At least Glenn is in another place where he doesn't hurt anymore!!!! I will miss him soo much and his music is awesome!!! Love Glenn like no one else!!
At least Glenn is in another place where he doesn't hurt anymore!!!! I will miss him soo much and his music is awesome!!! Love Glenn like no one else!!
You came along and changed my life Glenn!!
Just discovered HOTE is on Netflix. Debating on whether to watch it or not though I did add it to my list...
That's what I held onto when my father died: "he's not suffering anymore." It helped my brother and I get through it. My Dad was in pain and struggling for breath - I never want to see someone I love suffer again. Now he's free.
Grief is a process that you move through. The first week or so, your goals are modest: to survive the experience. With time, the load gets lighter.
Hopefully, Glenn's family is getting a lot of emotional support. My heart goes out to people who loved Glenn and are grieving him alone - as many have said here, some people just don't get it.
That's the same way that I was with my dad. He suffered horribly for the last almost 4 weeks of his life. He was on life support with a machine doing almost all of his breathing for him. My mom and brother had to make the heartbreaking decision to pull the plug. I'll never forget "telling" my dad goodbye forever the day before they ended life support. It was beyond horrible to see all of the machines that he was hooked up to. Plus, he didn't look like the dad I knew. It's hard to take. You're glad that they're not suffering anymore, but you desperately want them to still be here.
It does take time. I hated hearing that for the first couple of months afterwards, but it is true. I didn't fully understand everything then, being so young, but I do now.
Emotional support is the best support at a time like this, to have someone there who you can talk to, who is understanding. As I said before, my thoughts and prayers go out to Cindy, Taylor, Deacon, Otis, Don, Joe, Tim and the rest of Glenn's friends and family.
One thing that I learned the hard way is to just let the grief flow. Don't bottle it up inside. It honestly does more harm than good.
-Kim-
People don't run out of dreams, People just run out of time
GA and I were talking and we're thinking of doing a video chat with History of the Eagles in about an hour (5:00 pm EST) to relive some Glenn memories. It's an informal thing. Anyone is welcome to join in, whether you're watching the DVD or not. I realize it's short notice but we want to get it in before she goes to bed over in Ireland. We can always do another one later if folks want to.

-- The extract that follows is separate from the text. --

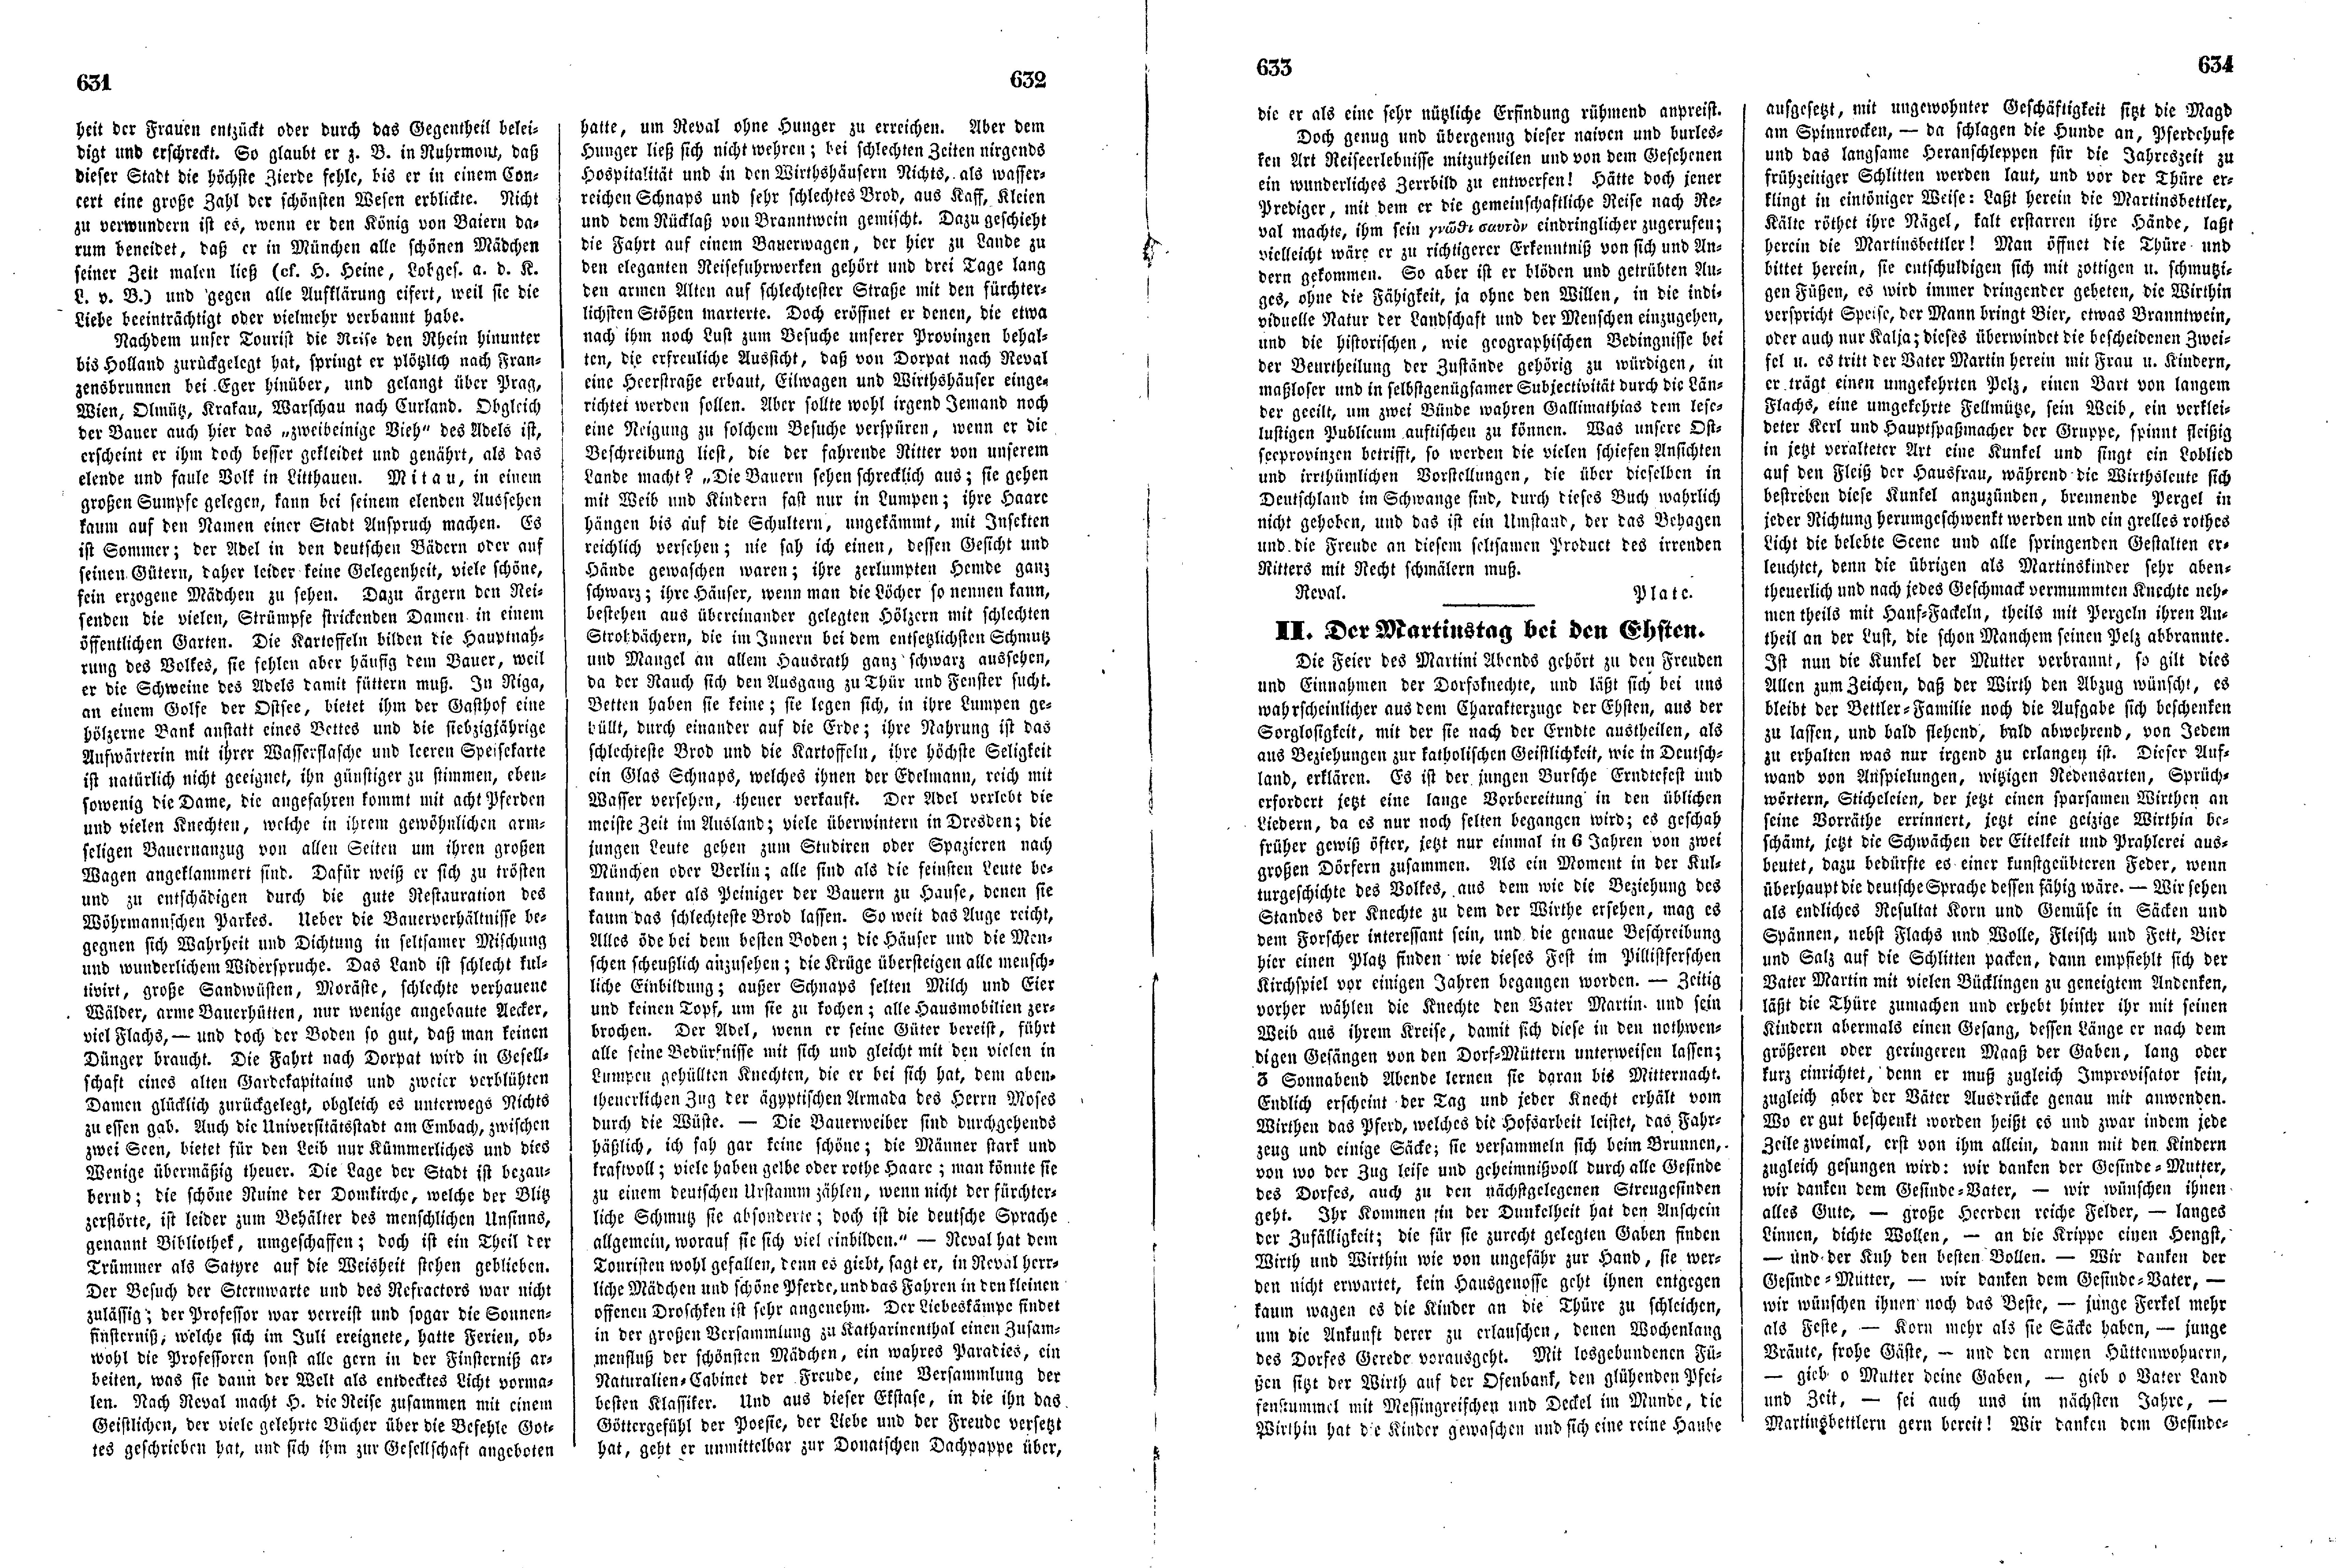 Das Inland [11] (1846) | 163. (631-634) Põhitekst

Yeah my earlier post was from a position of wanting to appreciate his works in a way I hadnt seen at all in the tributes, but ive been a mix of emotions going through many stages. But feel like Ive reached a positive place now.
All I know is I will forever be grateful to Glenn for his songs steered me through some depressing years and made me want to try again when I couldve just receded. No critic can cahnge that debt I feel to him.